I can comfortably pass a B2 or C1 test. I can watch Netflix without subtitles and handle myself in a tech meeting. But drop a random sci-fi novel or a dense Substack essay in front of me, and I would suddenly hit a wall of unfamiliar vocabulary and feel like an idiot again.
The problem with generic vocab lists
Advanced study materials often feed you sterile, manufactured sentences just to showcase a specific complicated word. Nobody genuinely cares about the context. Your brain knows it's a fake scenario, so it doesn't bother retaining the vocabulary.
When you read something you actually care about—a Paul Graham essay, an indie hacker blog, or a fantasy novel—the dynamic changes completely. You actually want to know what the author is saying. Your brain attaches the new vocabulary to a real concept, an emotion, or a plot point.
Context is the only thing that actually glues advanced vocabulary to your memory.
"I don't know enough words yet to read a full book"
This is the biggest excuse I hear from people stuck in intermediate purgatory. They think they need to memorize another 3,000 words before they are "ready" to open a real English book. That's a trap.
If you wait until you feel ready to read native content smoothly, you will literally never start. The jump from C1 textbook English to actual, unfiltered native reading is always going to be painful. You might as well get the pain over with right now.
Just pick a book you've already read in your native language, or start scrolling Reddit or Hacker News. Yes, you are going to look up three words on every page. It's frustrating. But by chapter three, you'll realize you're actually just reading.
Stop trying to "study"
At a certain level, language apps and textbooks have diminishing returns.
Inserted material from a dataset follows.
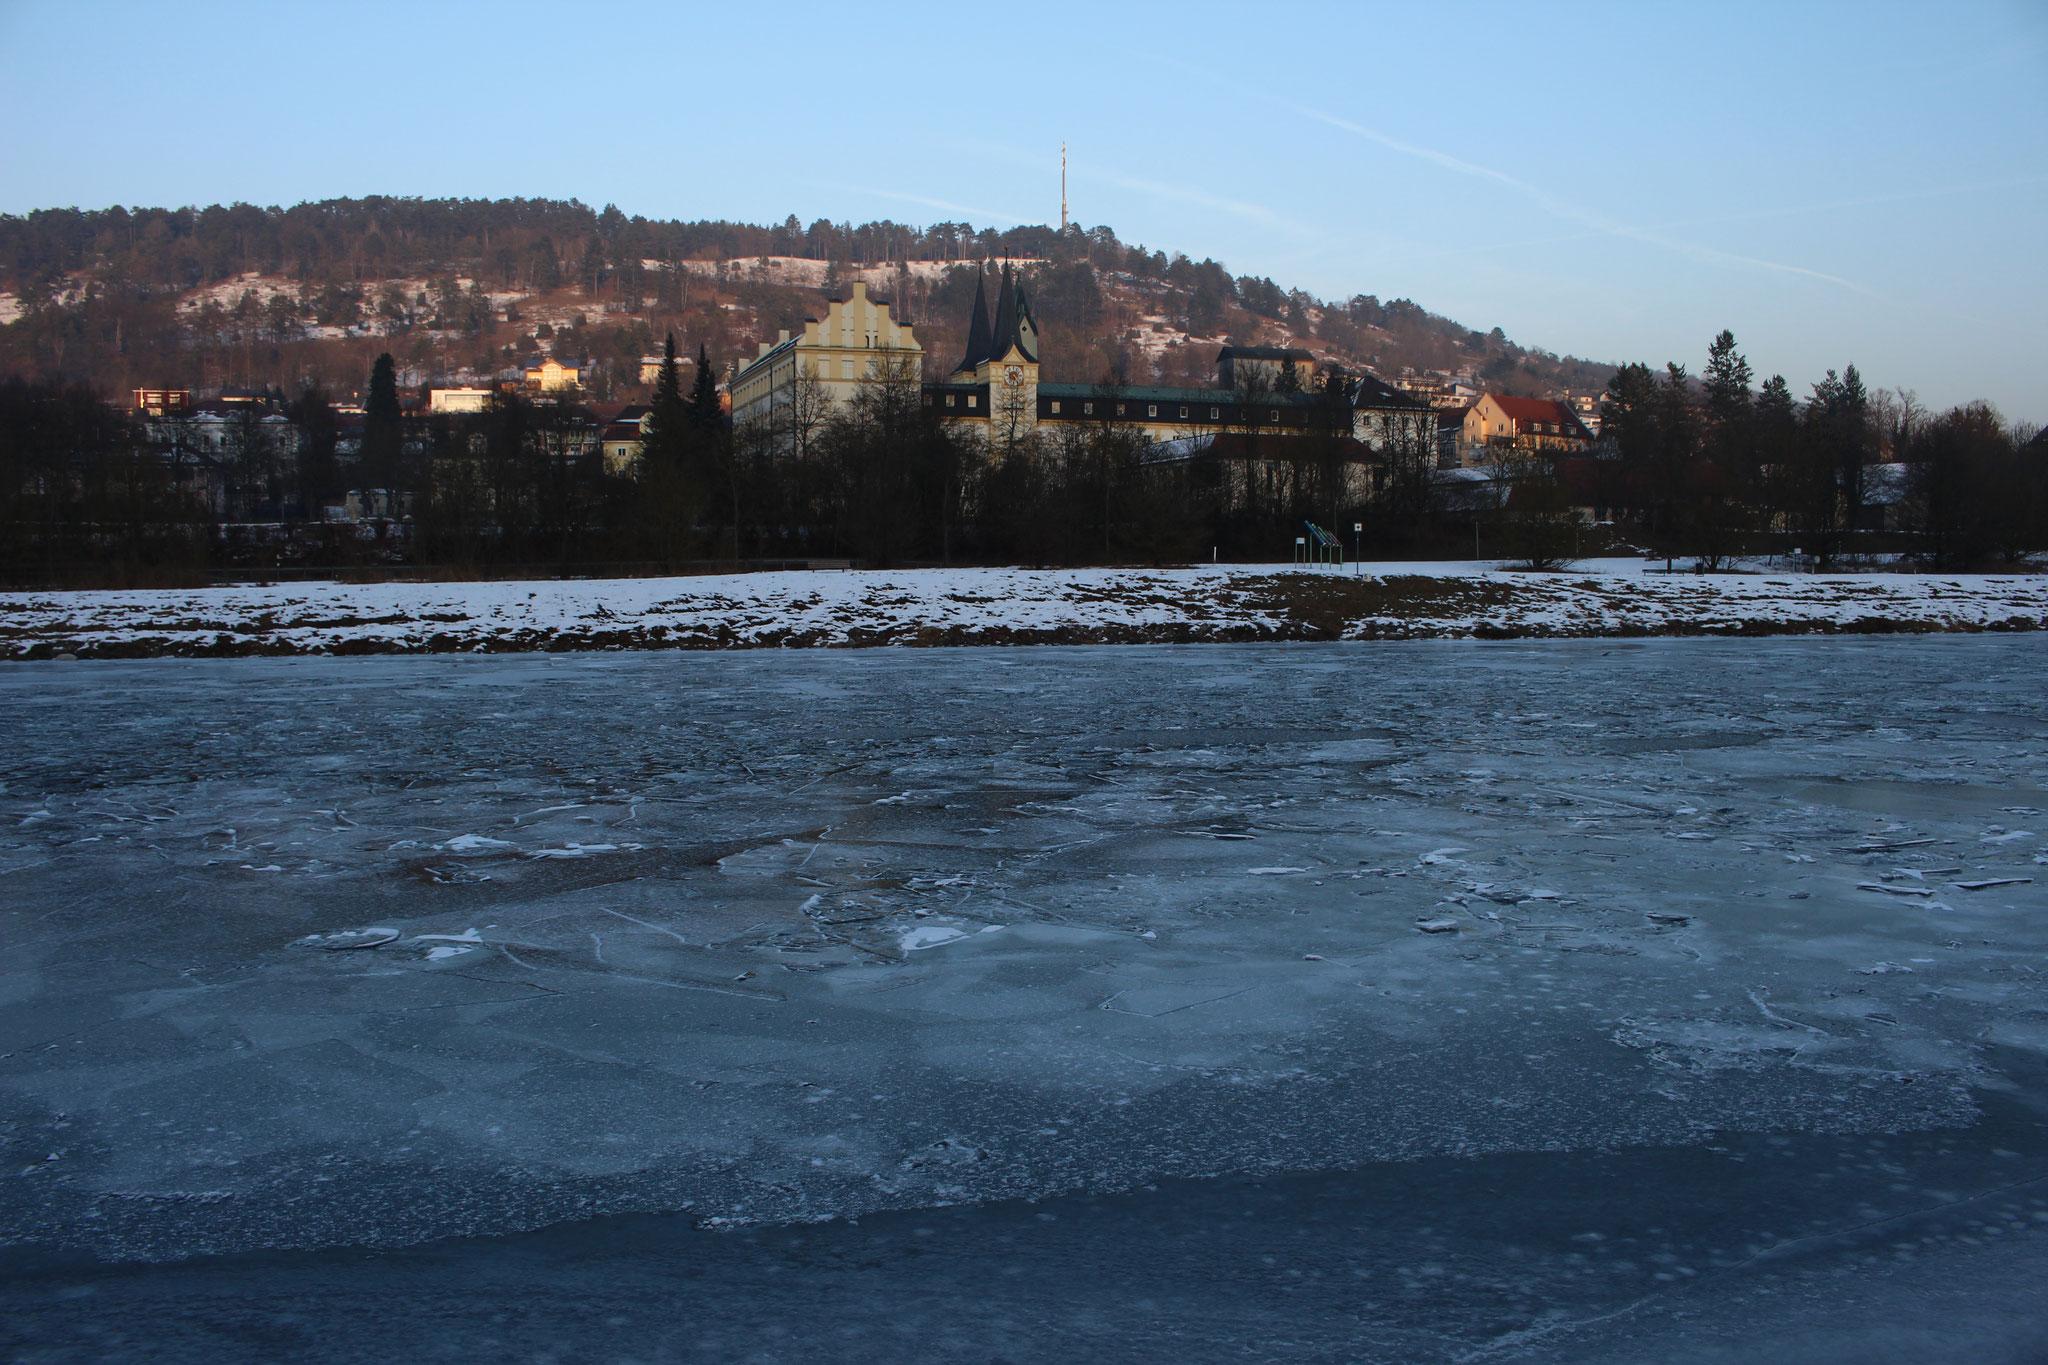 Kloster St. Anna Riedenburg

They are optimized to make you feel like you are progressing, not to make you fluent.
Reading a real book won't give you a fake dopamine hit or a completion badge. But it exposes you to the language exactly as native speakers use it. You see real nuance. You feel the natural rhythm of how paragraphs are constructed.
I don't bother with traditional study materials anymore. I know the grammar. Now, I just force myself to read stuff I actually want to read anyway.
It slows me down at first. But it beats staring at another list of academic vocabulary I'm never going to use.